The outflow connection channels 122 may connect the outflow distribution channels 121 and may connect the other end of the first outflow distribution channel 121a and the second outflow distribution channel 121b, for example. Thereby, the outflow connection channel 122 can regulate the flow of the first electrolyte flowing through the first outflow distribution channel 121a and the second outflow distribution channel 121b. The location and number of the outlet connection channels 122 may be appropriately selected in view of the pressure acting on the outlet distribution channel 121 and the like.

The second separator plate 200 may have the same structure and structure as the first separator plate 100. The second separator 200 may be disposed under the unit cell 300 to cover the second electrode 320 included in the unit cell 300. The second separator 200 may have a flow path through which the second electrolyte flows, and the second electrolyte may be supplied to the second electrode 320 through the flow path to perform an oxidation or reduction reaction with the second electrode 320 can do. The flow path formed in the second separation plate 200 may be IFF.

The unit cell 300 may include a first electrode 310, a membrane 320, a second electrode 330, and a gasket 340. The unit cell 300 can charge and discharge electricity using the chemical characteristics of the electrolyte solution provided by the first separator plate 100 and / or the second separator plate 200. The unit cell 300 may include a first electrode 310, a membrane 320, and a second electrode 330. The first electrode 310 and the second electrode 330 may be porous electrodes capable of increasing the specific surface area thereof.

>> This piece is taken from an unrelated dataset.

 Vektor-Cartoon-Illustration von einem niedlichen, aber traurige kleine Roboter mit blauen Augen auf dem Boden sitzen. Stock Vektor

For example, the first electrode 310 and the second electrode 330 may be porous electrodes containing porous carbon. The membrane 320 may be disposed between the first electrode 310 and the second electrode 330 and may selectively move ions generated from the first electrode 310 or the second electrode 330. The gasket 340 may prevent leakage of the first electrolyte provided to the first electrode 310 and / or the second electrolyte provided to the second electrode 330. The gasket 340 covers the side surfaces of the first electrode 310 and the second electrode 330 to prevent the first electrolyte and the second electrolyte from leaking.

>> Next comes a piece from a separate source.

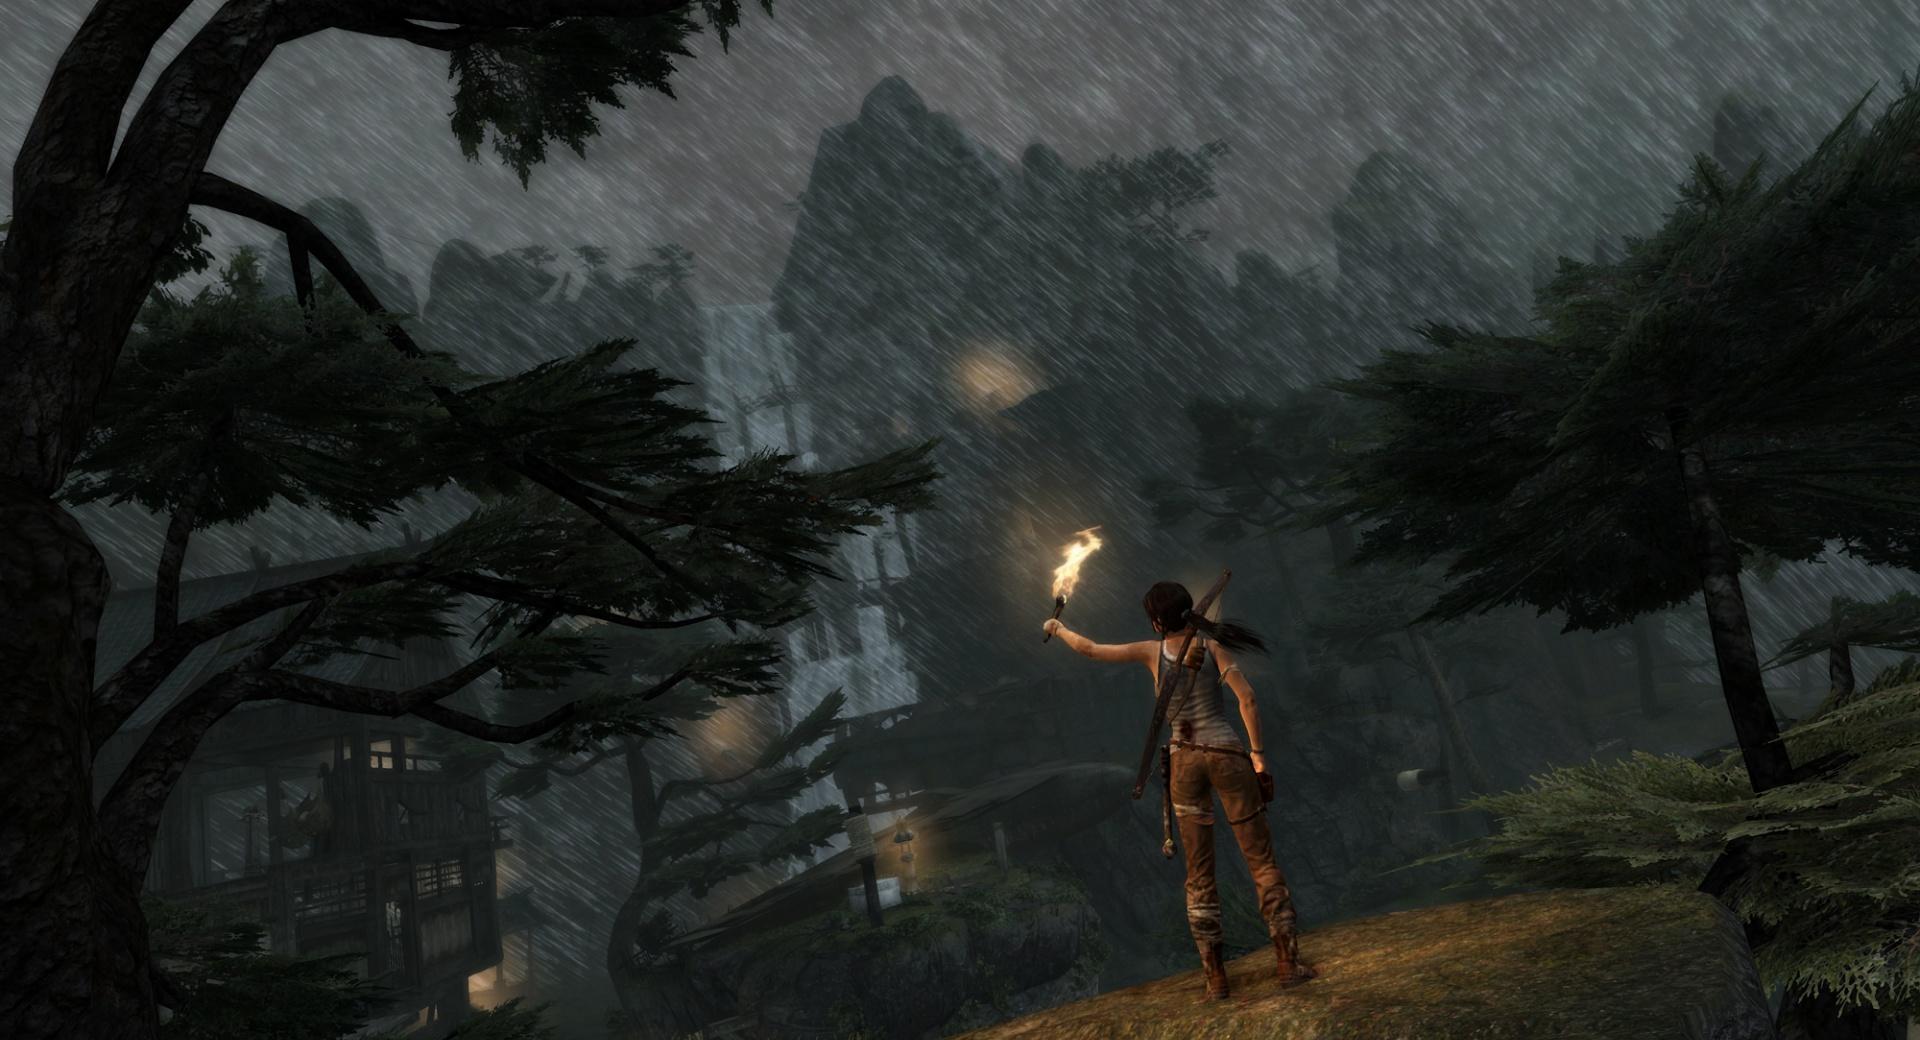 Lara Croft in the Rain (Tomb Raider 2013) at 1024 x 1024 iPad size wallpapers HD quality

3 is a redox flow cell according to another embodiment of the present invention. The description overlapping with the above-described embodiment may be omitted.

Referring to FIG. 3, the inlet connection channel 112 is disposed between one end and the other end of the first inlet distribution channel 111a and the second inlet distribution channel 111b to form a first inlet distribution channel 111a, The second inlet distribution channel 111b can be connected. The first electrolyte can easily flow through the first inlet distribution channel 111a and the second inlet distribution channel 111b by the inlet connection channel 112. [

The outflow connection channel 122 is disposed between one end and the other end of the first outflow distribution channel 121a and the second outflow distribution channel 121b so that the first outflow distribution channel 121a and the second outflow distribution channel 121b, 121b. The first electrolyte can easily flow through the first inlet distribution channel 111a and the second inlet distribution channel 111b by the outlet connection channel 122. [

FIG. 4 is a redox flow cell according to another embodiment of the present invention, and FIG. 5 is a cross-sectional view taken along line A-A 'of FIG. The description overlapping with the above-described embodiment may be omitted.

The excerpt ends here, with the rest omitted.